Lam began working as an assistant for Michael Kors in the 90s and worked there for four years. Lam then moved to Hong Kong to work for a large retail brand. Following his Hong Kong experience, Derek returned to New York and was appointed vice President of Design for Michael Kors' Kors line.

In 2003, he launched his own label. He debuted at the New York Fashion Week in September 2003.  In 2005, Lam won the runner-up prize in the CFDA/Vogue Fashion Fund competition as well as the CFDA Perry Ellis Swarovski Award for new designers. In addition to clothes, Derek Lam and Derek Lam 10 Crosby brands have shoes, handbags and eyewear collections. In February 2010, Derek Lam launched an  e-commerce website selling the collections of ready-to-wear and accessories. In 2015, a fragrance collection was launched under the Derek Lam 10 Crosby brand.

In 2009, Lam opened a store designed by the Japanese architecture firm, SANAA, but it eventually closed.

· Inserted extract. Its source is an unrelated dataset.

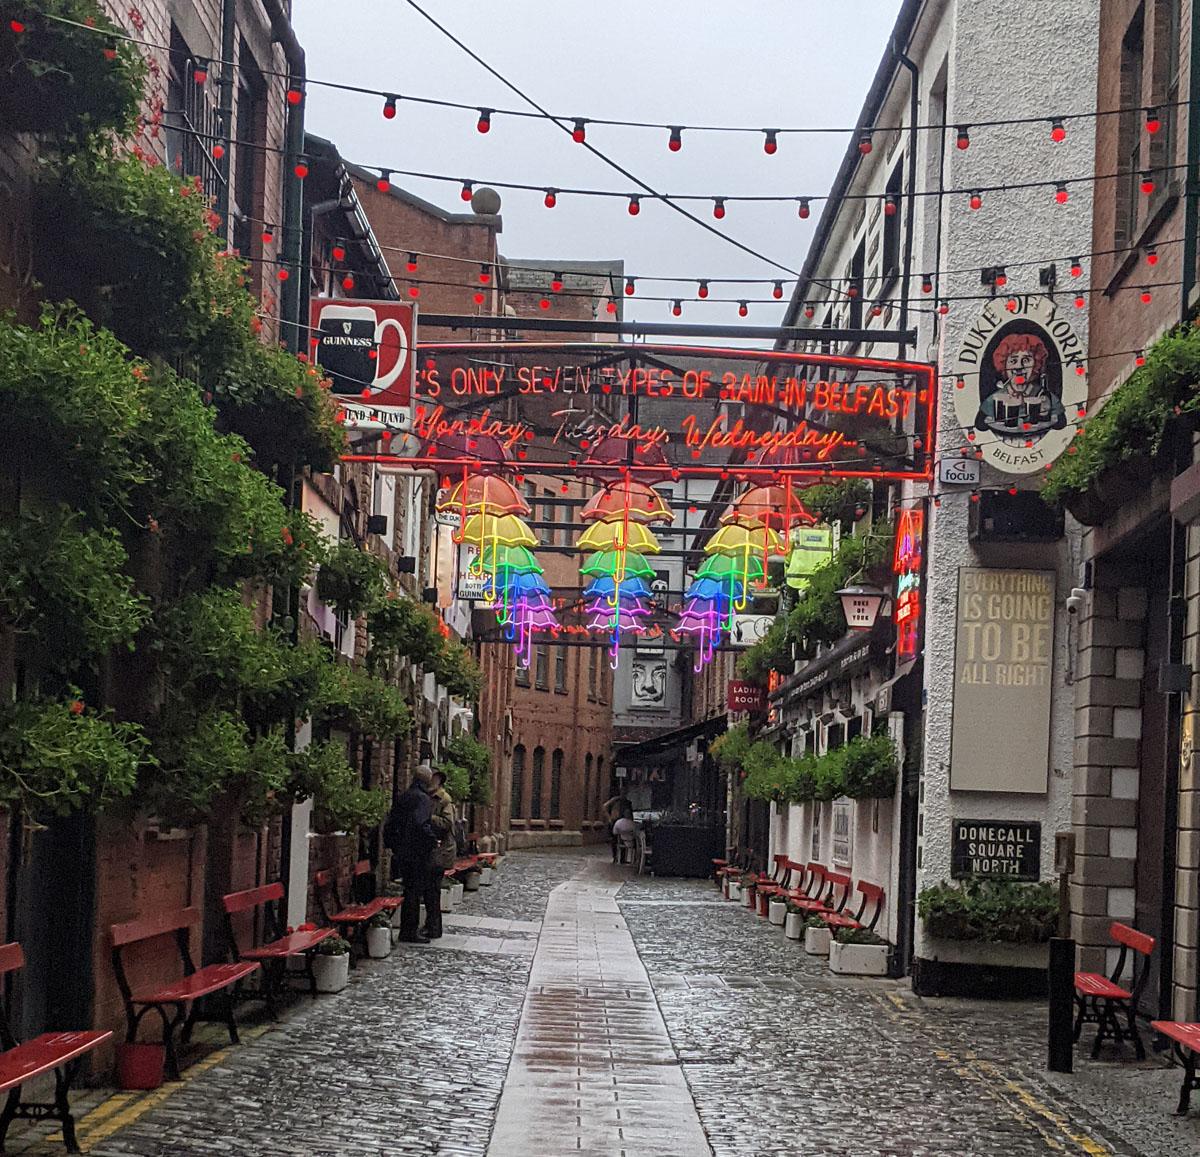 Belfast Umbrellas in the Rain

In January 2020, Public Clothing Company acquired the Derek Lam brand. Lam remains the Chief Creative Officer of the Derek Lam business, including Derek Lam 10 Crosby. He closed his luxury collection to focus more on Derek Lam 10 Crosby and its expansion to contemporary styles. Regarding the sale, Lam said in an interview, “Dan and his team have a tremendous opportunity to grow the branded business, both geographically and with new product categories. There’s a huge opportunity in international that has essentially been untapped."

Lam is also incorporating sustainable fashion into his collections. Lam is using non-chromed leather and eco-viscose in his designs. Use of recycled cashmere and polyester and raw eco materials in knitwear are also areas he is expanding upon.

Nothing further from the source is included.